וְהַמְסַתֵּת. מְסַתֵּת מִשּׁוּם מַאי מִיחַיַּיב? רַב אָמַר: מִשּׁוּם בּוֹנֶה, וּשְׁמוּאֵל אָמַר: מִשּׁוּם מַכֶּה בַּפַּטִּישׁ. הָעוֹשֶׂה נֶקֶב בְּלוּל שֶׁל תַּרְנְגוֹלִים, רַב אָמַר: מִשּׁוּם בּוֹנֶה, וּשְׁמוּאֵל אָמַר: מִשּׁוּם מַכֶּה בַּפַּטִּישׁ. עַיֵּיל שׁוּפְתָּא בְּקוֹפִינָא דְמָרָא, רַב אָמַר: מִשּׁוּם בּוֹנֶה, וּשְׁמוּאֵל אָמַר: מִשּׁוּם מַכֶּה בַּפַּטִּישׁ.

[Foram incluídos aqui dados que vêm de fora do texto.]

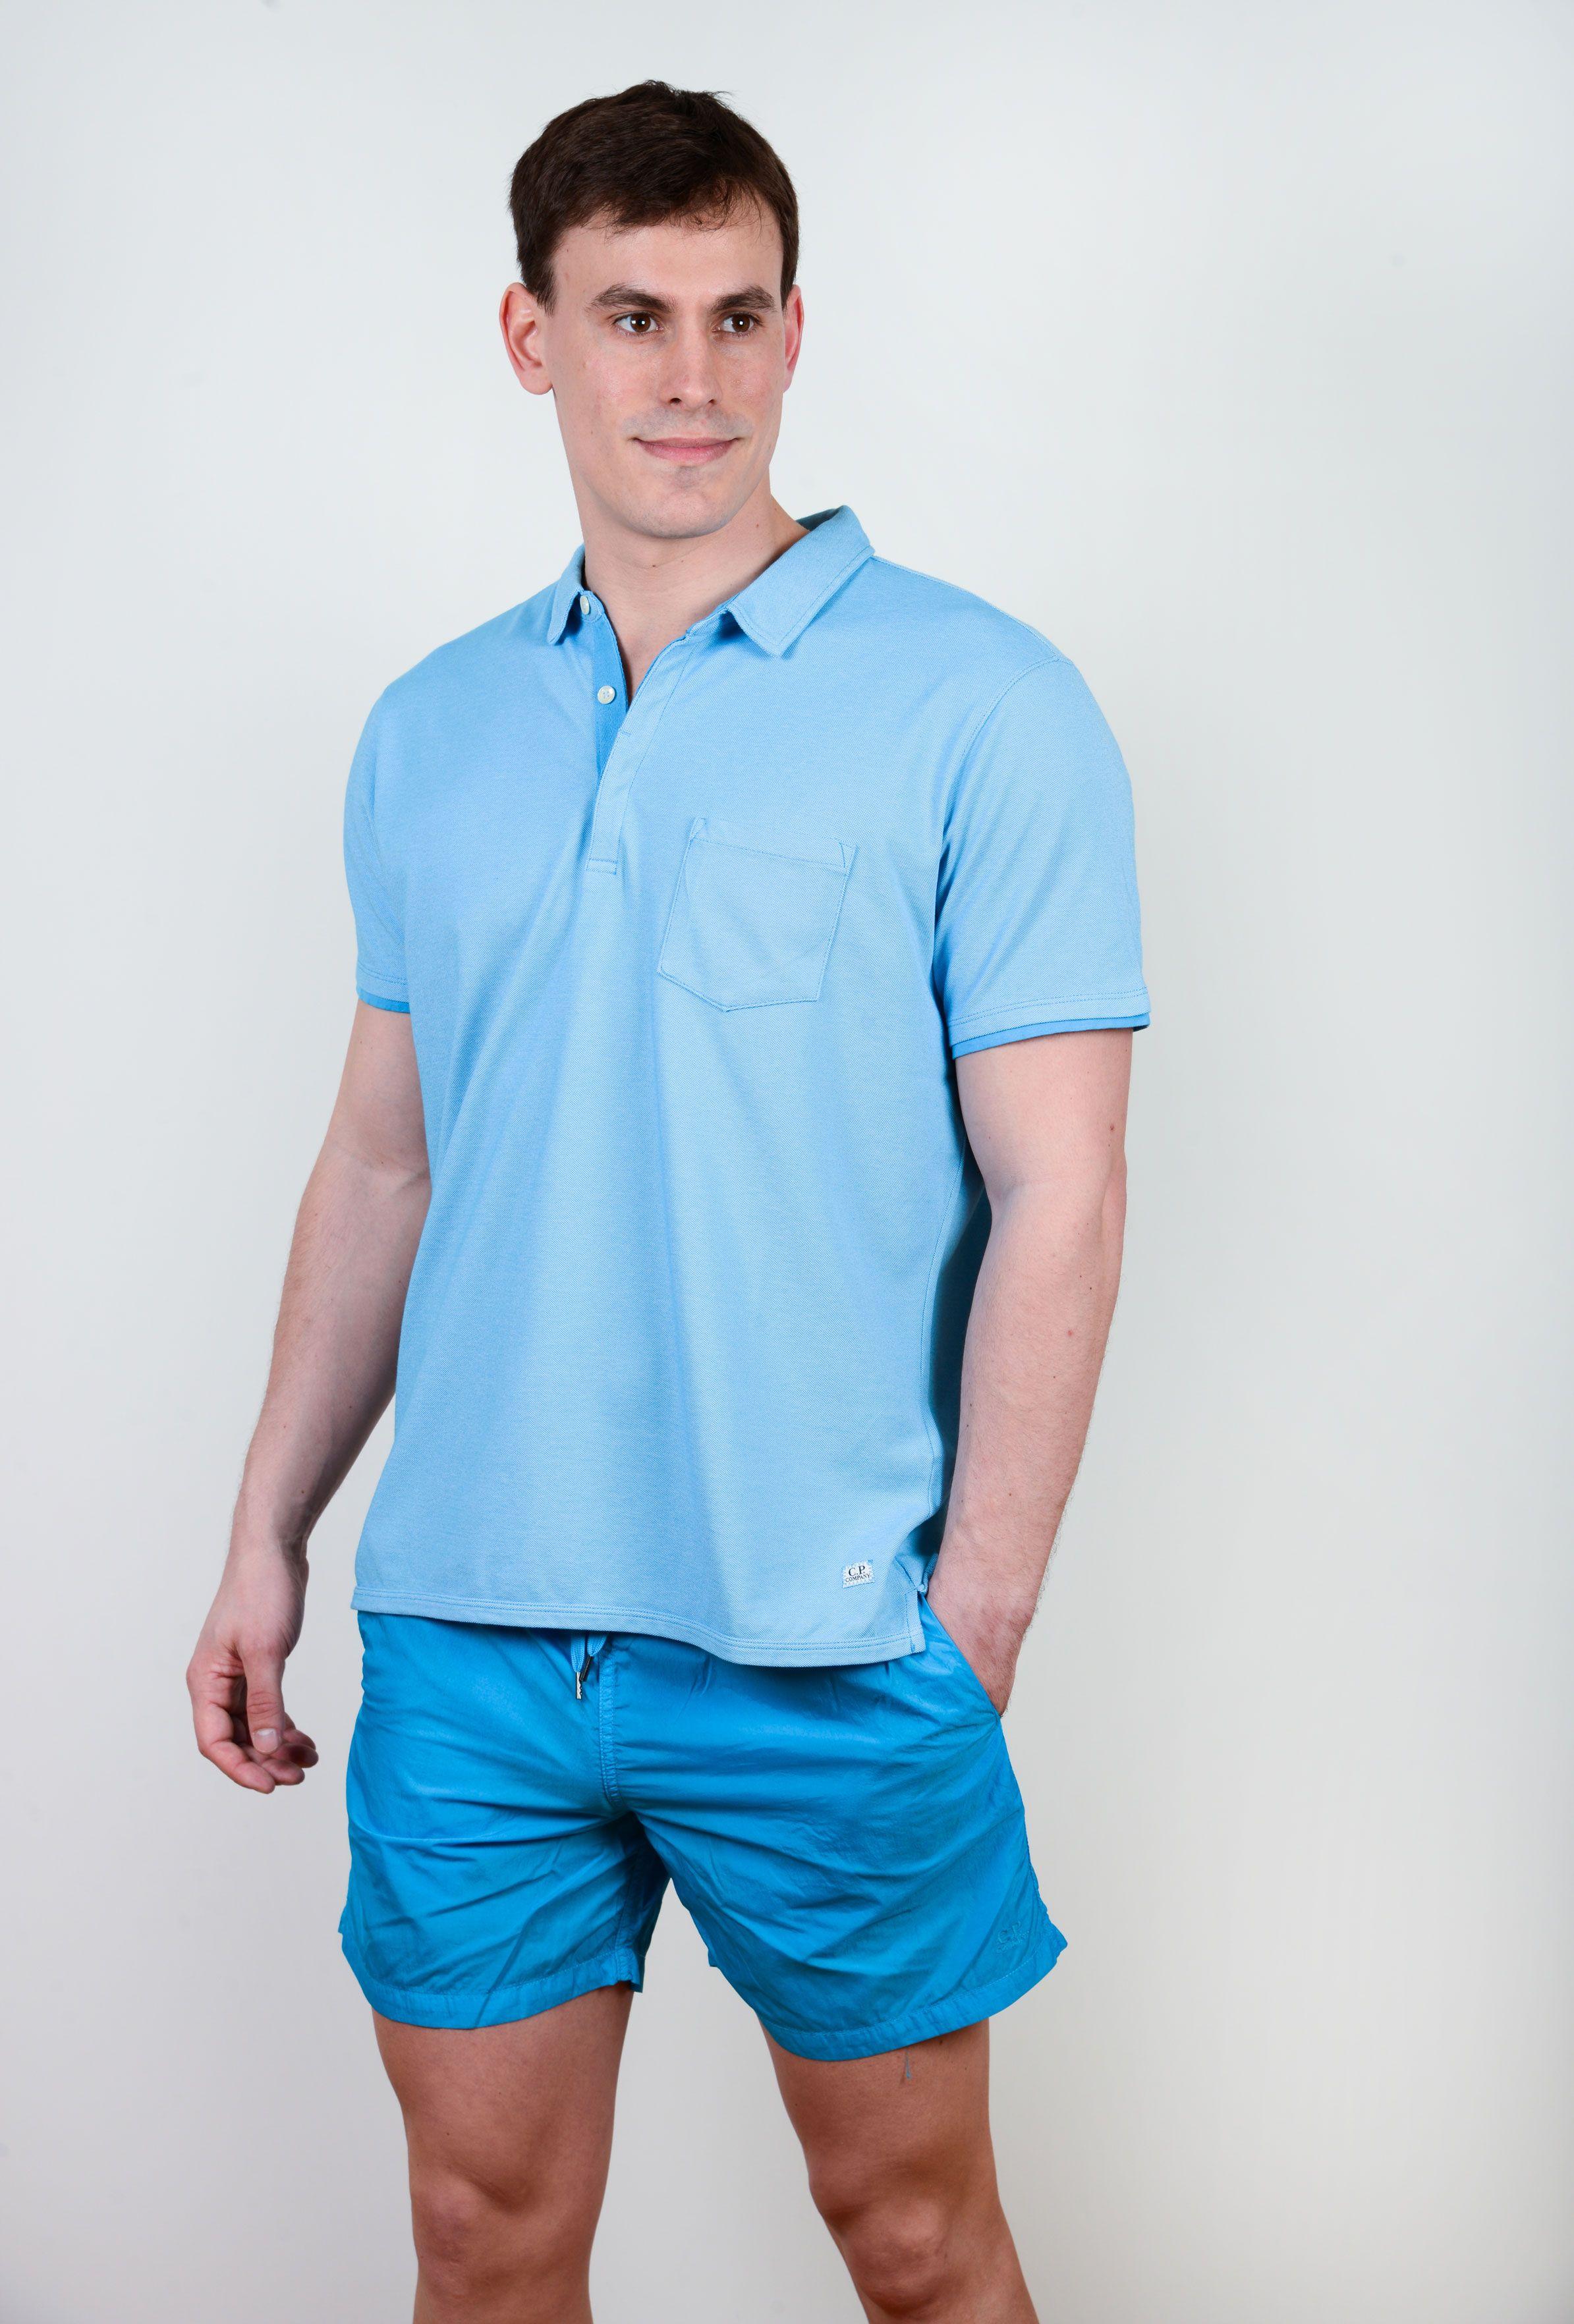 Poloshow poloshirt C.P.Compamy blau 02CMPL018A000373G 8

Aprendemos na mishná: Aquele que cinzela qualquer quantidade é passível. A Guemará pergunta: Com relação a aquele que cinzela, por qual categoria principal de trabalho proibido ele é passível? Rav disse: Ele é passível por o trabalho proibido de construir. E Shmuel disse: Ele é passível por o trabalho proibido de dar um golpe com um martelo para completar o processo de produção de um utensílio. Eles também discordaram com relação a alguém que faz um buraco em um galinheiro. Rav disse: Ele é passível por o trabalho proibido de construir. E Shmuel disse: Ele é passível por o trabalho proibido de dar um golpe com um martelo. E, de modo semelhante, com relação a alguém que insere um pino no cabo de uma enxada para fixar o cabo, Rav disse: Ele é passível por o trabalho proibido de construir. E Shmuel disse: Ele é passível por o trabalho proibido de dar um golpe com um martelo.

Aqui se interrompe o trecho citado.